There are two kinds of people: those who strive in the winter and those who strive in the summer. Personally, summertime is when I feel the most alive and the most like myself. The weather is warmer, the days are longer and nature’s colors are more vibrant. But before I get to live out my fantasy of summer days, I have to get through the spring semester. And I have to make it matter. I’ve always found it easier to slack off in the second semester of the school year because a part of me is still burned out from the fall. I’m sure a lot of people feel that way, too. So, before I came back to Stillwater, I sat down and I made a list on how I was going to avoid spring burnout. Hopefully, I’ll stick to my goal! Read below to see the three things I plan on doing:
- Change my pattern of thinking:
Half of the reason why I feel so drained at the end of a semester is because I allow myself to slack off. I tend to think to myself, “God, I have to write a paper,” or, “I have no idea how I’m going to be able to effectively study for three tests.” Instead, this semester, I plan on being a little more positive and strict with my thinking. I’m going to start telling myself, “I deserve to earn an A on this exam, and to do that, I’m going to have to put in time I know I have.”

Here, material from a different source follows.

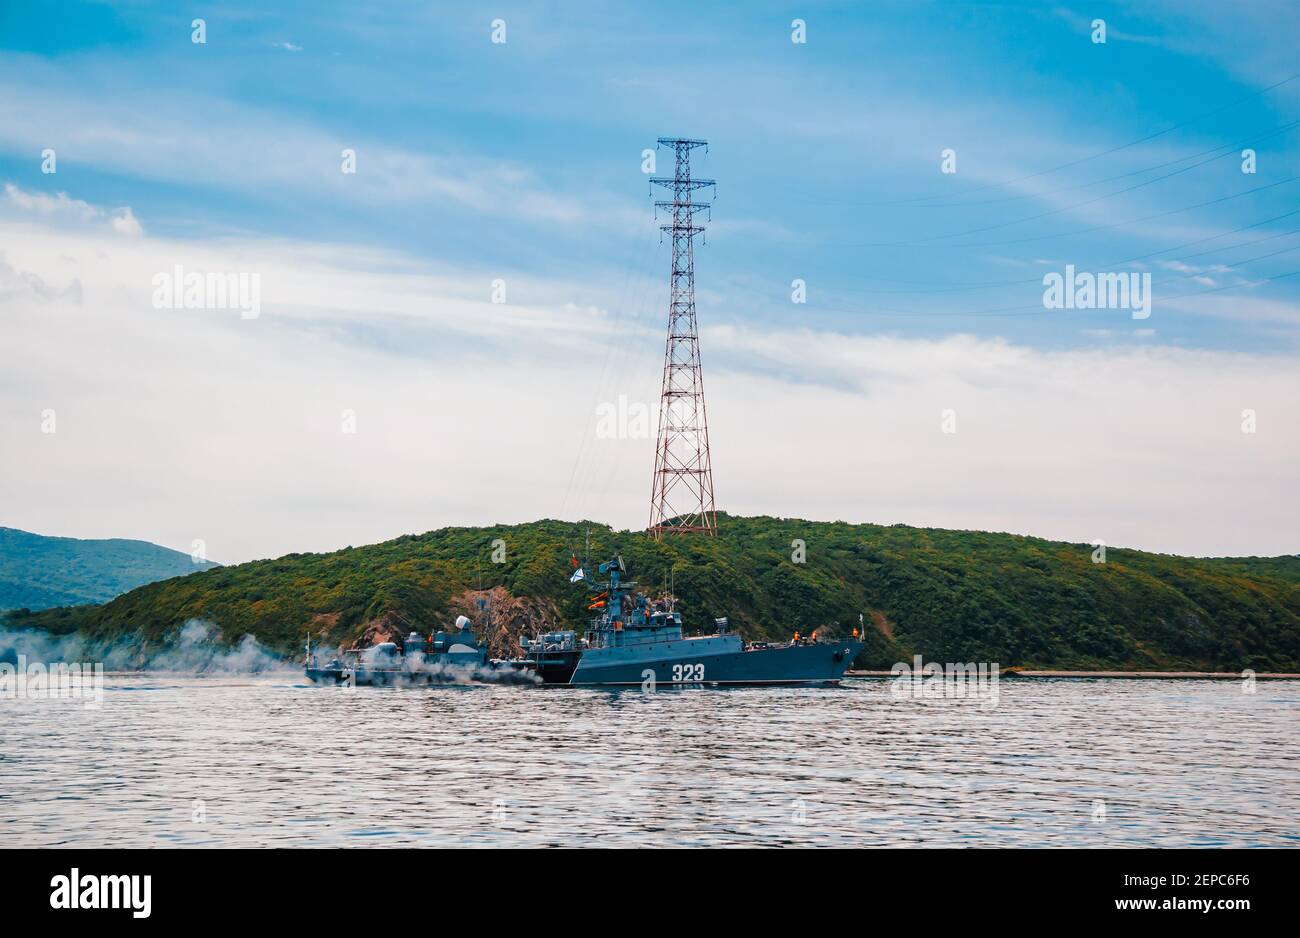 Russian corvette. Anti-submarine warfare in the East Sea. A Russian military ship. Stock Photo

Many are quick to denounce this strategy, but it works. According to Mayo Clinic Staff, positive thinking decreases stress levels. Not to mention, positive thinking also increases your life span!
- Plan my time more wisely:
I already know what you’re thinking: this is such a cliché. You’re probably rolling your eyes, too. But hear me out! From my past three semesters as a college student, I would allow myself to get to the point where I was doing most (if not, all) of my assignments at the absolute last minute. Even assignments I knew I would be passionate about, I didn’t do them until I had no other choice. I was a little more passionate about the Real Housewives of Dallas. So I’m going to manage my time more wisely by giving myself new due dates on assignments. I am going to set a goal for myself where I turn in all of my assignments at lest two days before its due. That way, if I feel crumby about what I submitted, I have time to go back and tweak it. In past semesters, I would be submitting an assignment so late that I wouldn’t have an opportunity to fix it if I wanted to. I’m also going to commit to multitasking. If I’m at the gym, and I have a reading due, you’ll catch me reading on the elliptical. If I can manage to do this, I know I’ll be unstoppable.
- Say “No” more:
I had a tendency of being a “yes” woman last semester. If I was writing a paper, studying for an exam or doing statistics homework, I had a tendency to say yes whenever someone would invite me out. Doing that contributed to my problem of procrastination. But it also interrupted my workflow. My problem with homework has always been starting an assignment. However, whenever I do start, I get on an unstoppable roll. Until friends wanted me to grab something to eat with them. Or play the Sims. Or complain about boys. The list goes on. By constantly agreeing to go out, my desire to do well on an assignment would decrease. I would come back to an unfinished assignment, and instead of finishing it strong, I did the bare minimum to get it out of sight and out of mind. So, I’m going to make the effort to tell my friends no. It is good to take a break every once in awhile, but in my case, I was doing it every time. And to that, I say no more!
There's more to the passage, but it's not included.